Ways to Promote Pharma Business:

  • Humanize the Brand: Pharmaceutical firms can build emotional bonds with their customers by infusing human elements into their branding. Customers will be more inclined to ask their doctor to prescribe a specific brand of medication as a result of this.
  • Create Effective Marketing Material: Pharmaceutical firms can build emotional bonds with their customers by infusing human elements into their branding. Customers will be more inclined to ask their doctor to prescribe a specific brand of medication as a result of this.
  • Balance Marketing and Research Efforts: Studies have revealed that pharmaceutical corporations spend disproportionately more money on marketing than on research. As prescription prices have continued to grow, this disparity in expenditure has sparked significant criticism.
  • Connect With People at Online Events and Webinars: Sponsoring virtual events is a wonderful way for pharmaceutical companies to build relationships on the ground. Brand remembers is ensured by print and broadcast promotional programs. The participation of a company at an event, on the other hand, aids in the development of relationships with a certain segment of the consumer base.
  • Identify and address issues that may limit patient access to pharmaceuticals, such as when medication delivery is challenging (e.g., infused therapy, especially in less healthy populations), or when patients cannot have prescriptions refilled or require physician consultations.
  • Engage with the investigators and participants in critical trials that are already ongoing. Discuss predicted outcomes, high-risk locations, and potential procedure adjustments. When protocols need to be changed, get input from the investigators and act fast and aggressively.

Future Plans

  • Restart any clinical trials that have been halted or delayed. Reconnect with investigators and other interested parties.
  • The portfolio should be prioritized, and scarce resources should be allocated accordingly. Identify the trials that have experienced the most delays and prioritise those that will provide the most value.
  • Accelerate the digitization of the value chain and ways of working, leveraging Covid-19 crisis lessons learned in areas like customer engagement, real-time supply chain monitoring, and clinical development digitalization.
  • More resilience will be achieved through reorganising assets and supply networks. Despite the expected cost increases, the intensive focus on risk management across networks and supply chains will certainly continue in the aftermath of COVID-19.
  • Demand for new capabilities and expertise may evolve as the future of work becomes more distant and distributed. Most industries, including pharmaceutical operations, will be focusing on re-evaluating the future of labor.
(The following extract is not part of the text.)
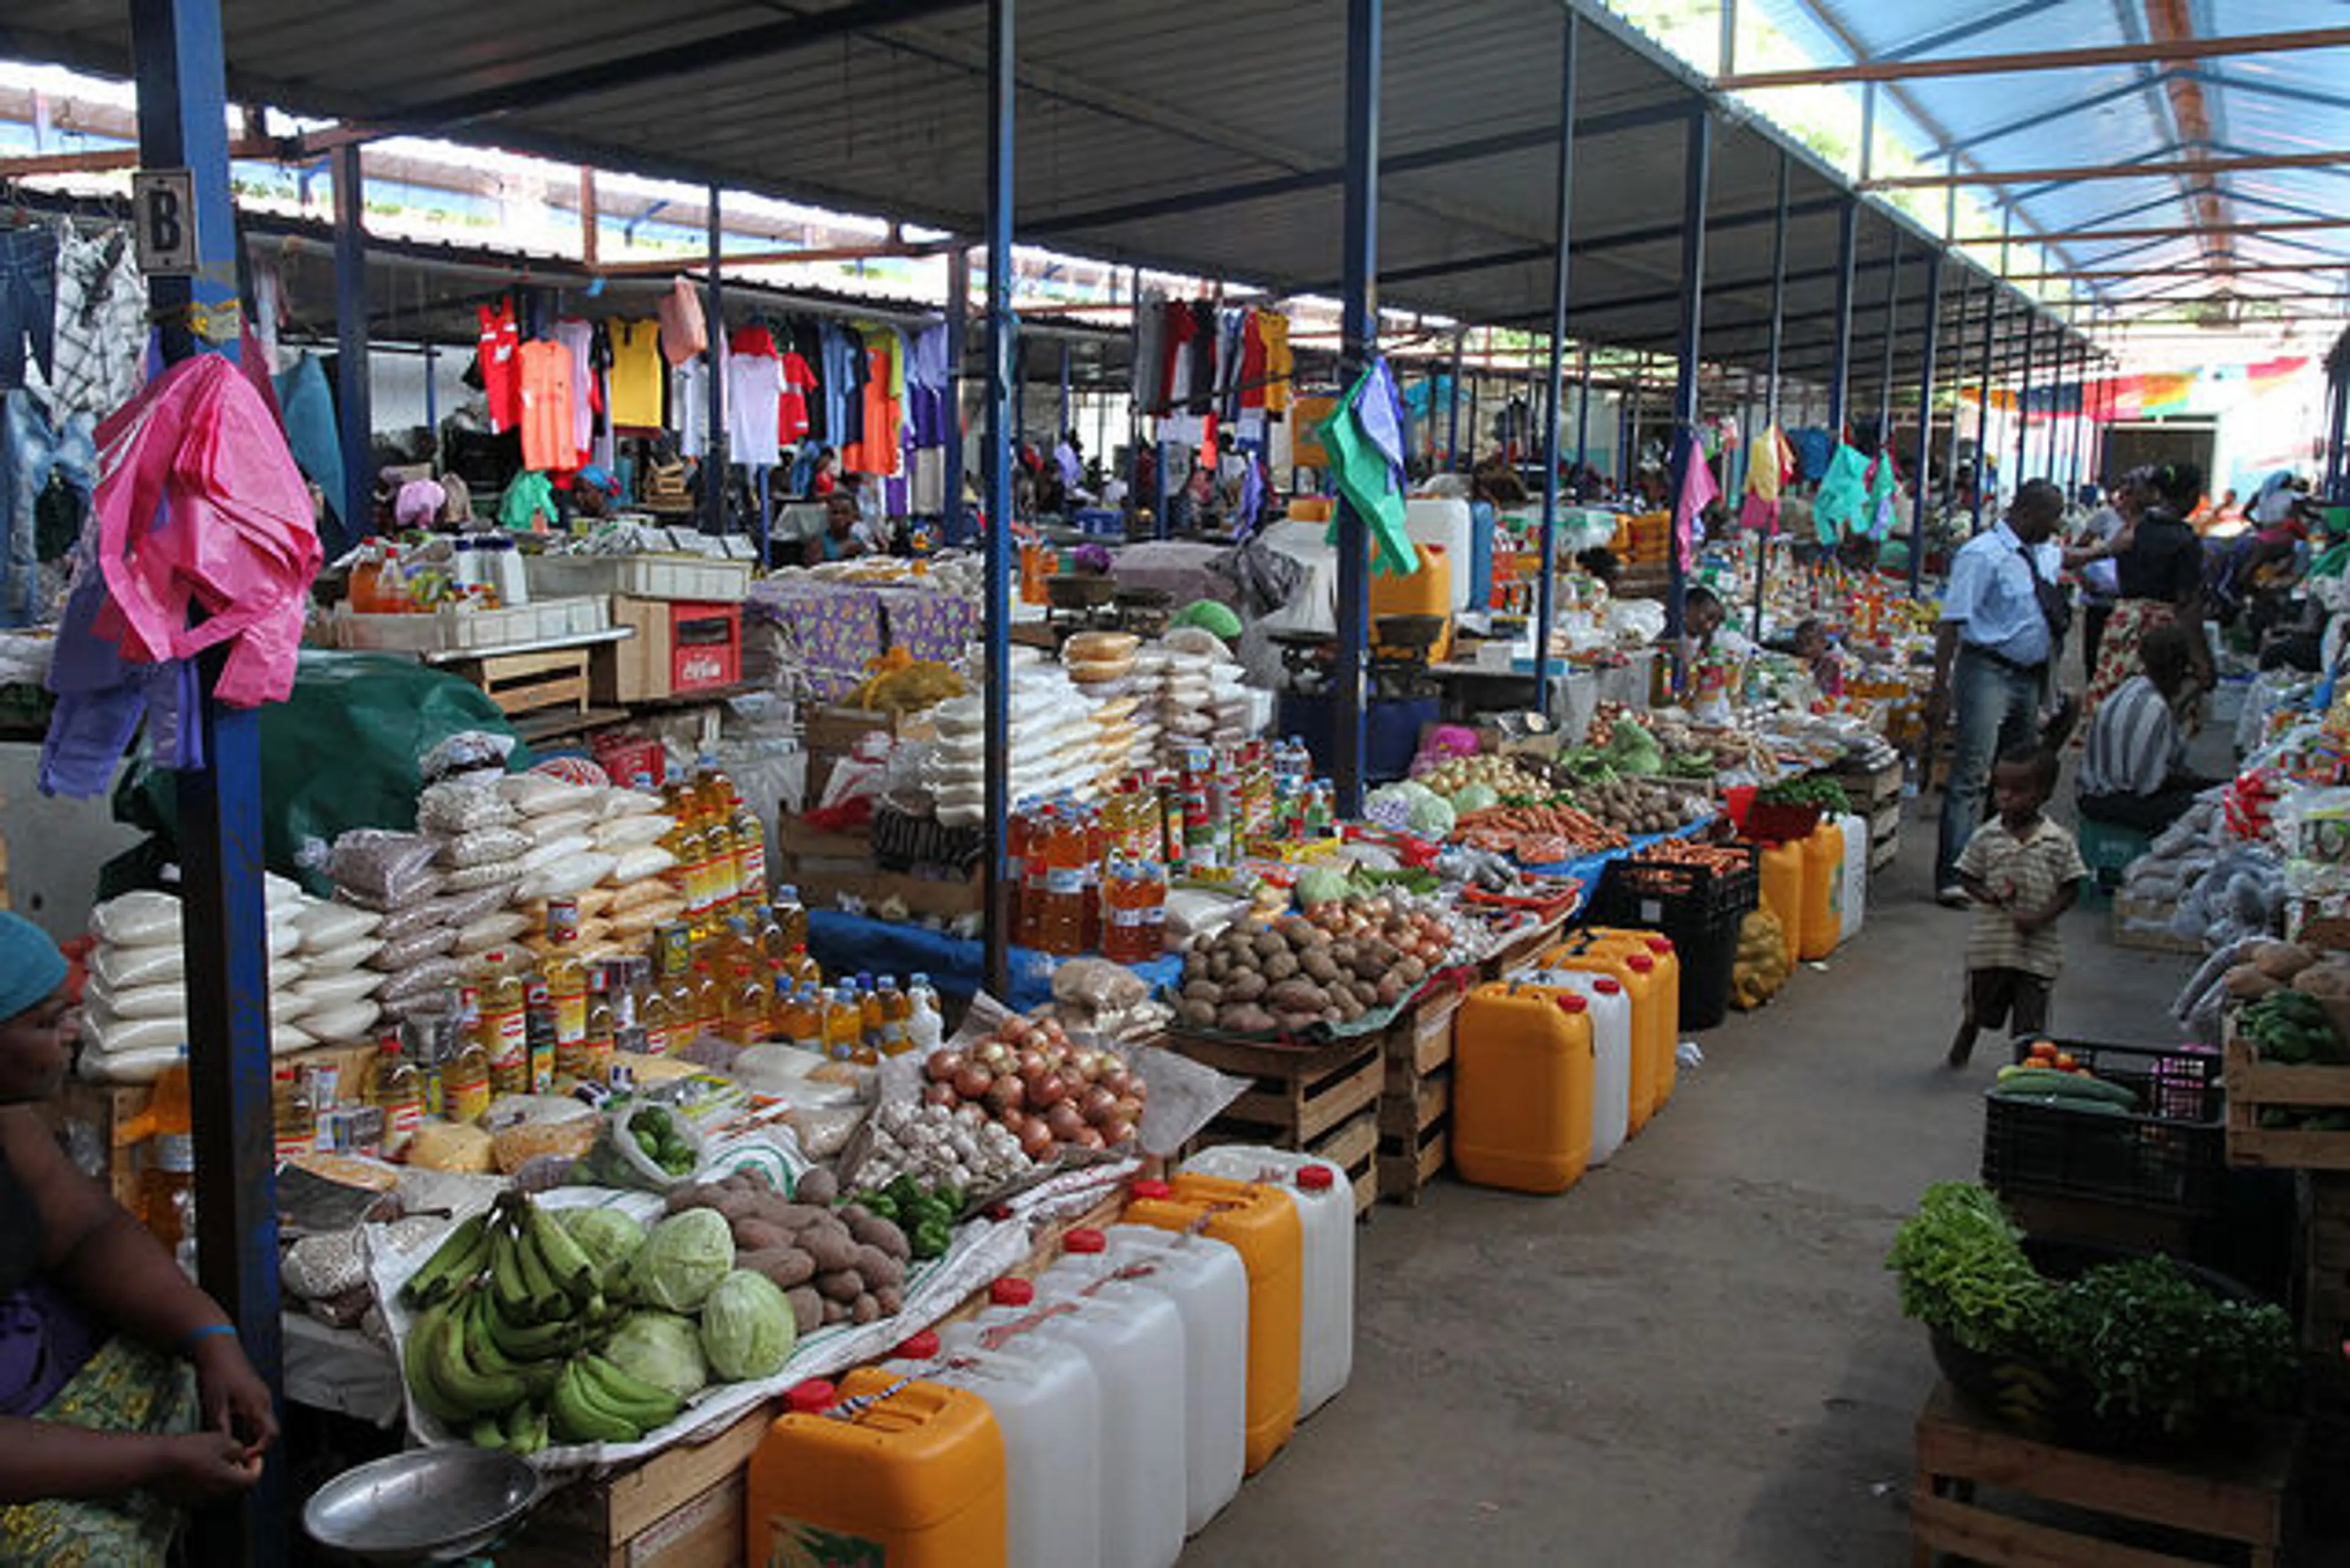 Praia local market

With various delivery and information endpoints, supply chains will become more patient-centric. Patient-centric supply chains should explore how to meet this demand as the expansion of digital tools, telehealth, and app-based ecosystems make patient-level data more accessible. Significant gains in telemedicine, video conferencing, remote-working tools, and clinical decision-support systems are all projected, according to a recent study of physicians.

The pharmaceutical business is on the front lines of a worldwide pandemic, as executive teams are well aware. Setting the correct priorities now can help companies drive innovation while assuring a consistent supply of critical pharmaceuticals for patients affected by Covid-19 directly or indirectly.